Consider the Chernoff bound described in Theorem 1 of this paper:
Theorem 1. Let $X_1,\ldots,X_n$ be discrete, independent random variables such that $E[X_i] = 0$ and $|X_i|<1$ for all $i$. Let $X:=\sum_{i=1}^n X_i$ and $\sigma^2$ be the variance of $X$. Then, $$\Pr\left[|X|\ge \lambda\sigma\right] \le 2e^{-\lambda^2/4}$$ for any $0\le\lambda\le 2\sigma$.
I want to apply this estimator for a computation, but the variance of the variables $X_i$ is unknown to me. Apart from that, my variables satisfy all the conditions of Theorem 1. In fact, my variables are independent and identically distributed (iid).
On the other hand, there is Chebyshev's inequality for finite samples which does not require knowledge of the variance (or mean) of a given random variable and replaces it with the corresponding values of my given sample.
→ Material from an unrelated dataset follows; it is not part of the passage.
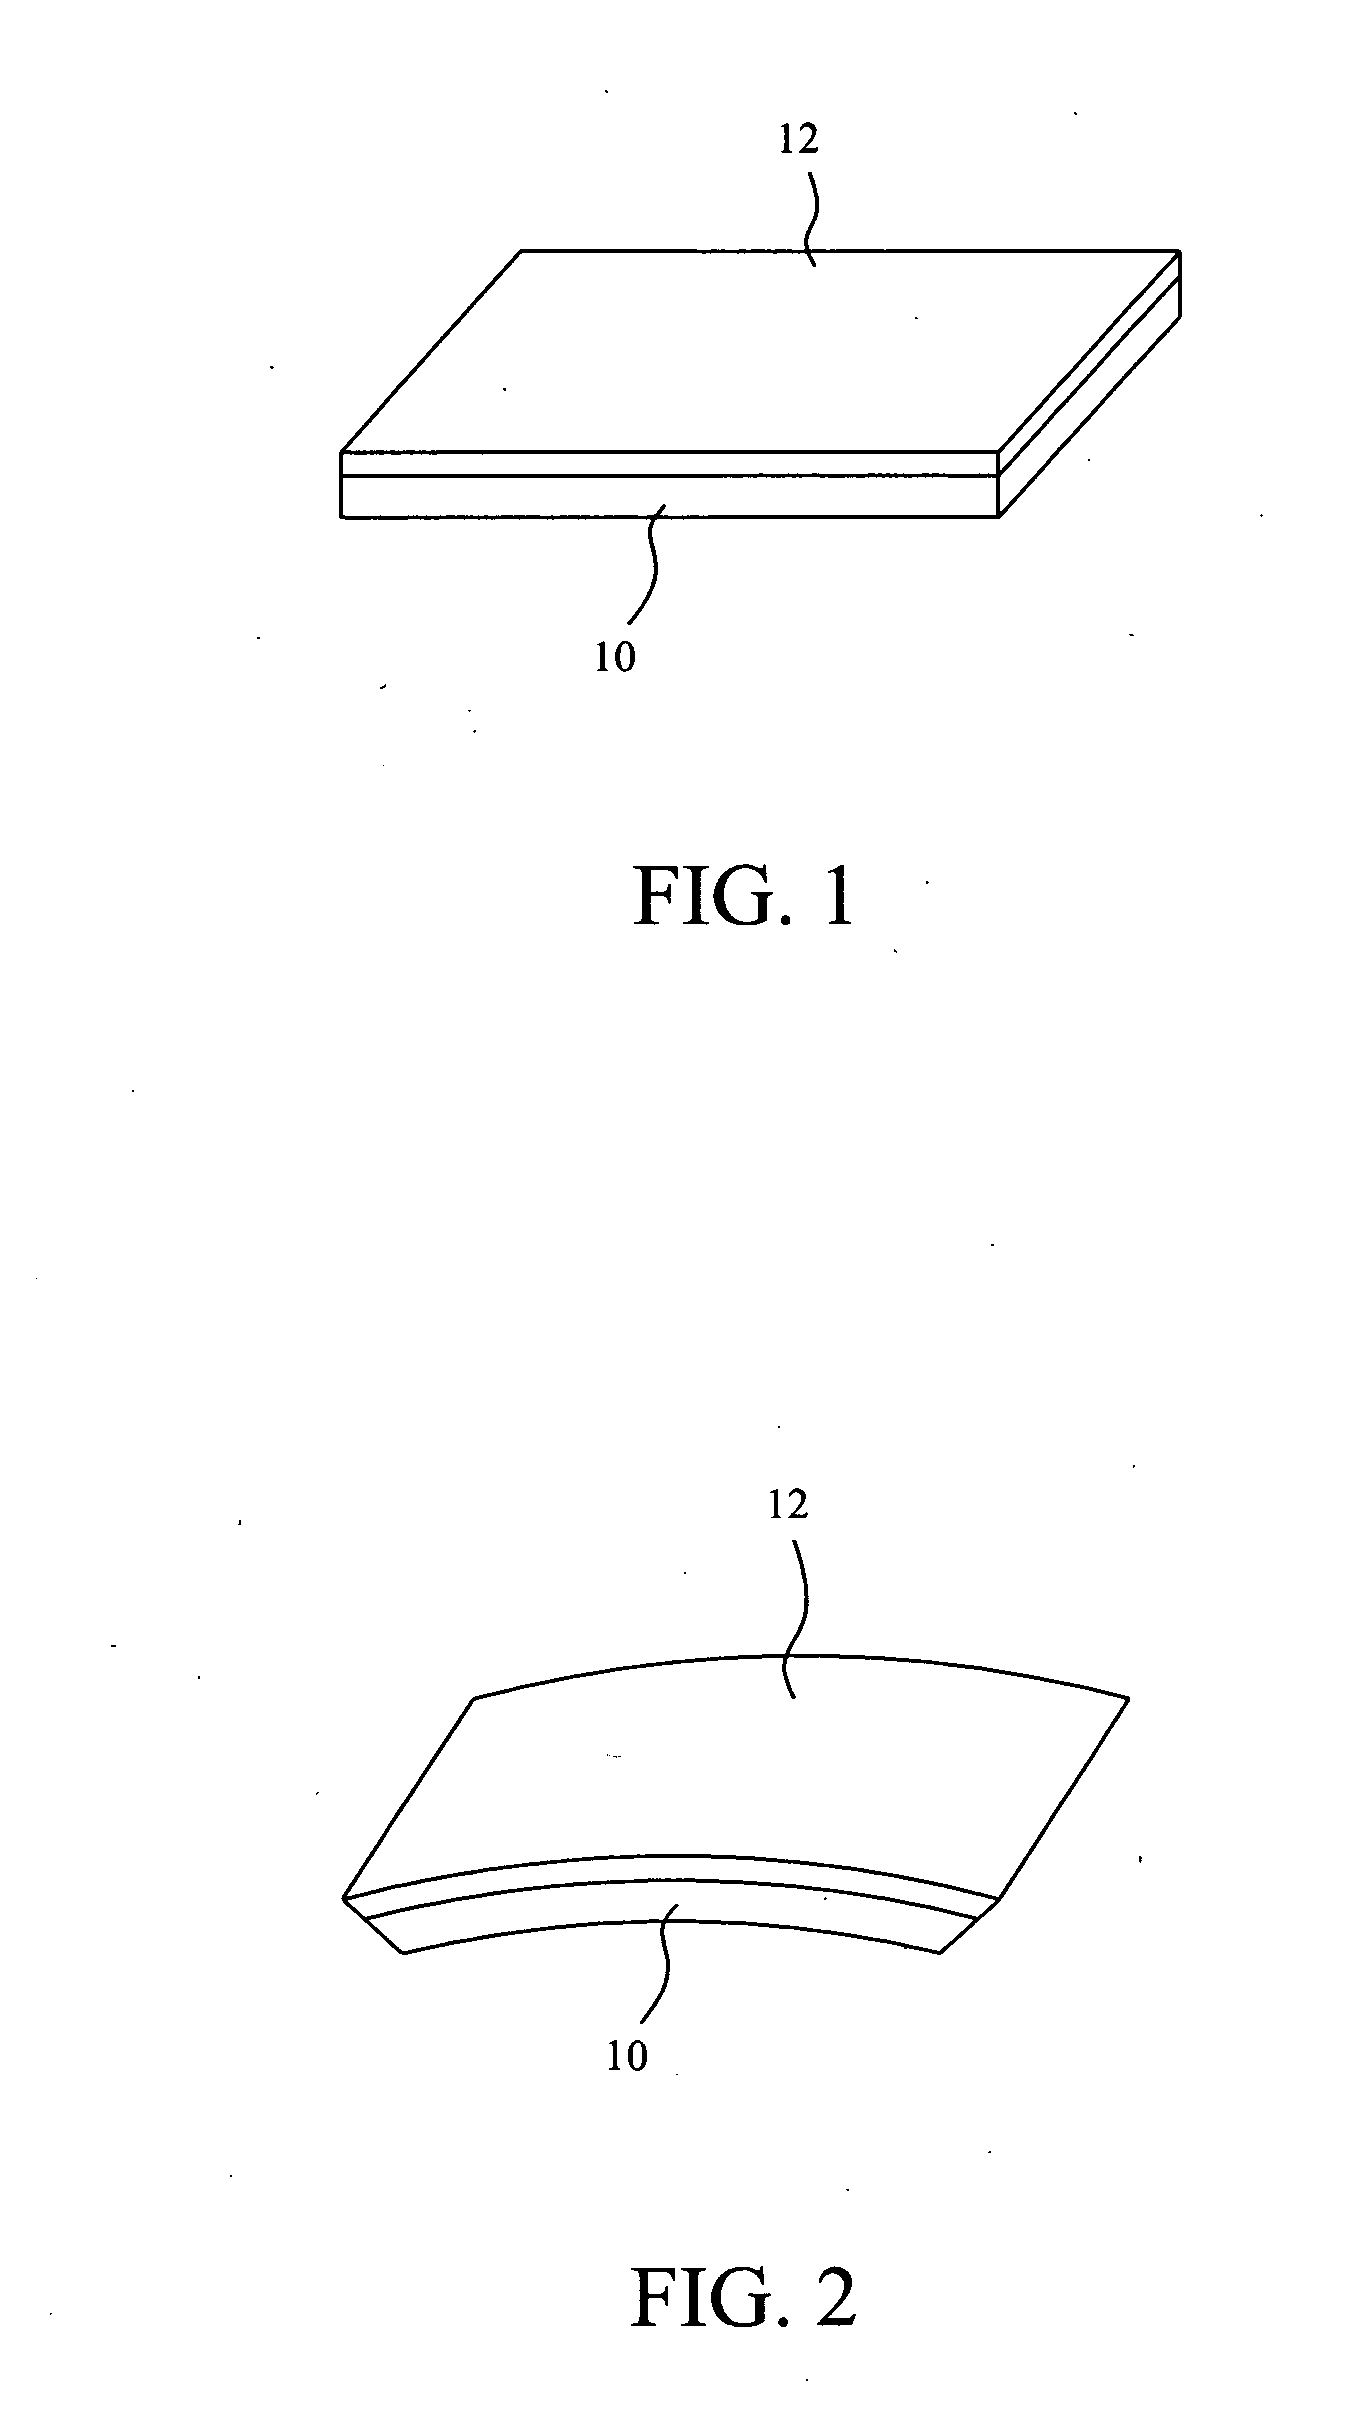 Touchpad having capability of inducing sensation of tactile key

However, the estimator is not good enough for my application and I was wondering if there is an estimator similar to Theorem 1 but not featuring the variance of the distribution itself.
Intuitively speaking, it would be nice to have the best of both worlds: If that is not possible, then what is the best bound I can achieve for a sum of iid variables, without any knowledge about their variance?